Today, at the industrial level AM machines exist which are able to produce parts up to 1 m3 in polymer material (BIGREP One, Fortus 900mc, Object1000 Plus), and even bigger volumes are reachable using sand casting (ExOne Exerial, Voxeljet VX4000), clay (WASP BigDelta) or metal (Xline2000, EOS M400, SML500HL, RPM Innovation, Norks Titanium RPDTM, SCIAKY). However, as larger parts are required, current technology shows its limitations. Most available AM machines have a limited construction volume due to process requirements (e.g. powder bed), inert gas or vacuum (e.g. laser or electron beam), or safety requirements (e.g. laser containment). In the future metal-based AM is expected to exceed polymeric-based processes in market size and growth [3]. Today, several metal-based AM technologies exist, however there is a lack regarding large volume production. In addition to production volume, present AM are limited in obtainable accuracy, surface quality, and uniformity of material properties. Today, the high quality and resolution required for applications in tight-tolerance and critical conditions can be reached only with considerable increase of cost-to-build-rate ratio, or it cannot be reached at all. This is the reason why most additive manufactured parts (both metal and thermosets) require post-processing to improve quality characteristics and/or relieve residual stresses.

Both volume and accuracy limitations can be overcome by combining AM with conventional machining processes (e.g. CNC) in workstations for hybrid additive and subtractive processing (WHASP) [4]. The capability of these hybrid systems to both add and subtract material in a concurrent and optimized manner allows construction of high quality parts within a single machine as well as addressing geometrical challenges (e.g. internal and overhanging features), reducing material wastage and tooling consumption.

Hybrid machines have been a fertile research field since the mid-late 1990s [5, 6], however the commercialisation of this approaches has been slow. Particularly, no real solutions exist for constructions of large volume parts yet.

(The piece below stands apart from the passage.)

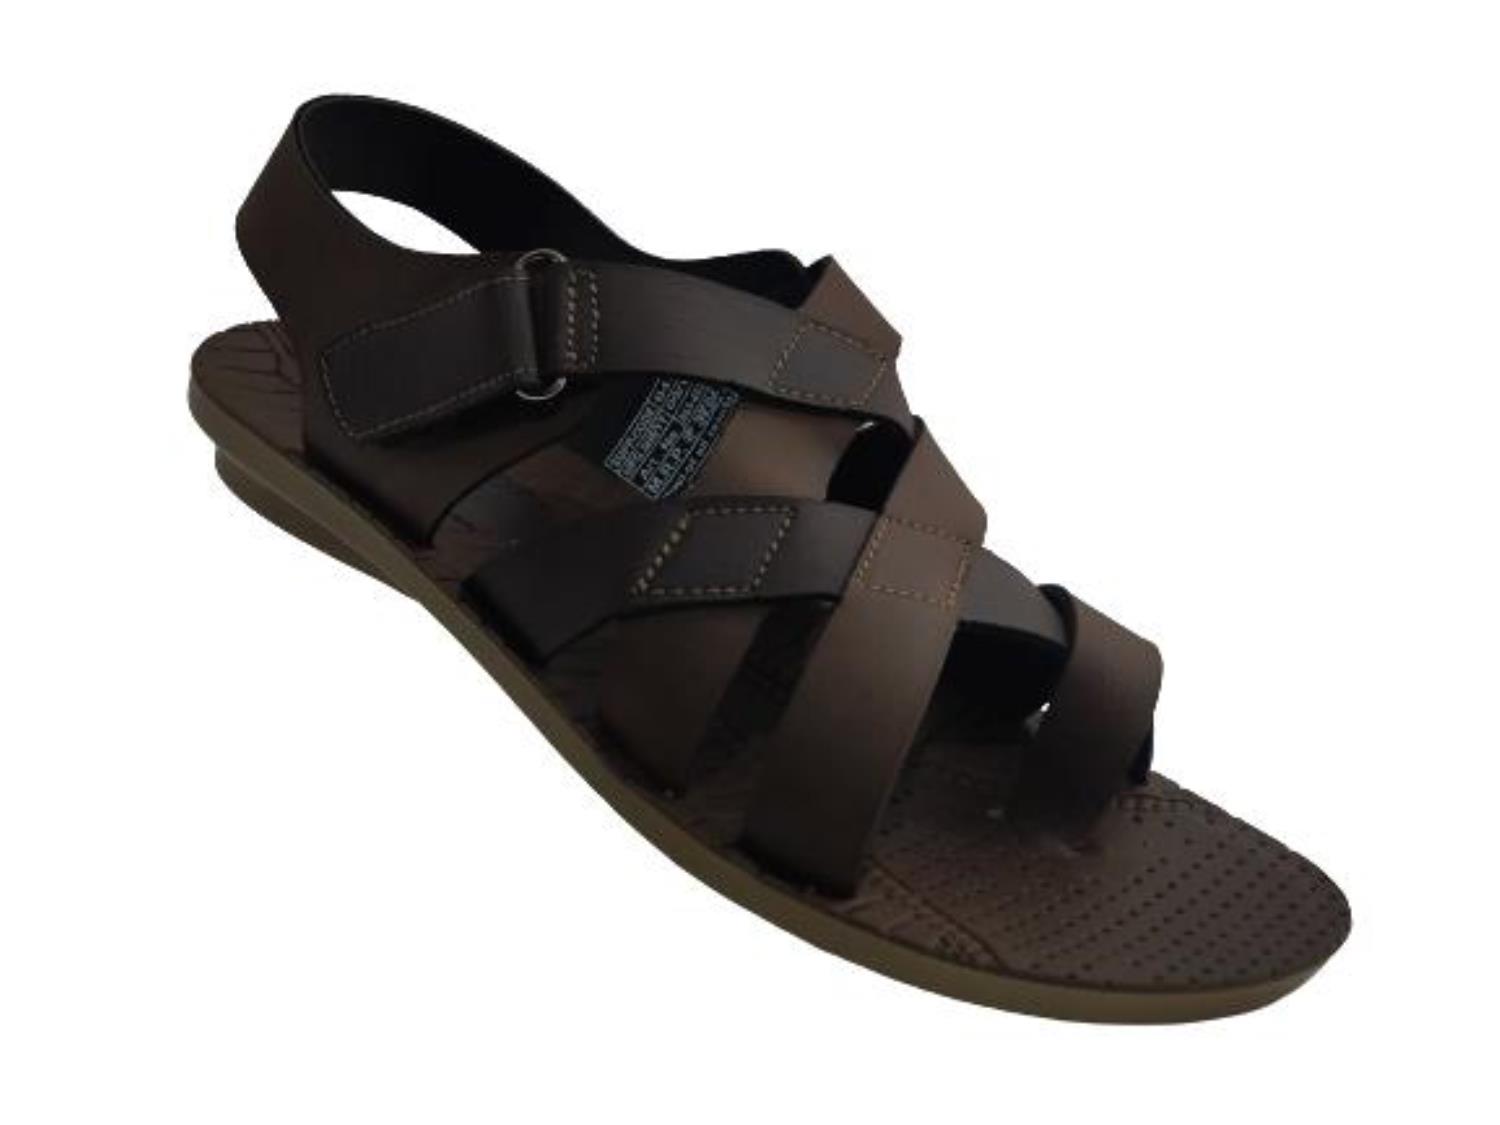 Bata Brand Men's Casual Sandal 861-4937 (Brown) :: RAJASHOES

Today, the development of commercial hybrid manufacturing is accelerating. In the future, reconfiguration and responsiveness are suggested to play a fundamental role in the manufacturing economy, which will move away from production lines toward single all-in-one machines able to transform raw materials into finished products. This is well aligned with the WHASP approach.

The European project KRAKEN is well-situated in this context, aiming to develop an all-in-one hybrid-manufacturing machine for customized design, production, repair, and quality control of medium and large parts [7]. In addition to different manufacturing processes, this robotic platform will allow combination of metal and non-metal structures, representing a considerable improvement with respect to the current large size products manufacturing. The project proposes a further development of the MEGAROB system, a platform for high accuracy machining of large parts (up to 20 × 6 × 3 m) developed using an industrial robot mounted on a crane [8]. Analogously to this previous project, the novelty of the proposed approach is controlling robot positioning and motion based on the direct measurement of the robot end-effector pose (i.e. position and orientation) provided in real-time by an absolute laser tracker. Including real-time measurement of the absolute end-effector pose in the motion control loop allows compensation of the intrinsically limited absolute accuracy of both the crane and the robot. Using an absolute laser tracker has been shown to be effective in improving absolute accuracy of industrial manipulators in presence of low stiffness and unmodeled process forces [9,10,11]. The chosen approach will enable fulfilling both requirements of large manufacturing and tight-tolerance applications, with an affordable machine based on standard industrial components. With respect to existing machines which are constrained by limited workspace, accuracy performance, and costs that are directly dependent on mechanical components (e.g. actuated axes), this project proposes a flexible solution that can be easily adapted to desired workspace size and logistical configurations, with minor impact on functions and costs.

2 The Setup

2.1 Manufacturing Approach

The proposed machine will allow production and reparation of middle and large parts with dimensional tolerances below 0.3 mm and surface roughness below Ra 0.1 μm. The manufacturing concept is based on a layer-by-layer additive/subtractive alternating task [5, 6]. Step after step, the material deposed during the additive process is machined in order to correct geometrical characteristics. This allows high manufacturing accuracy, also for large parts up to 20 m, as well as releasing the stress in the 3D printed structures. Furthermore, this approach enables construction of complex geometries and enclosed structure that are not feasible with existing conventional methods.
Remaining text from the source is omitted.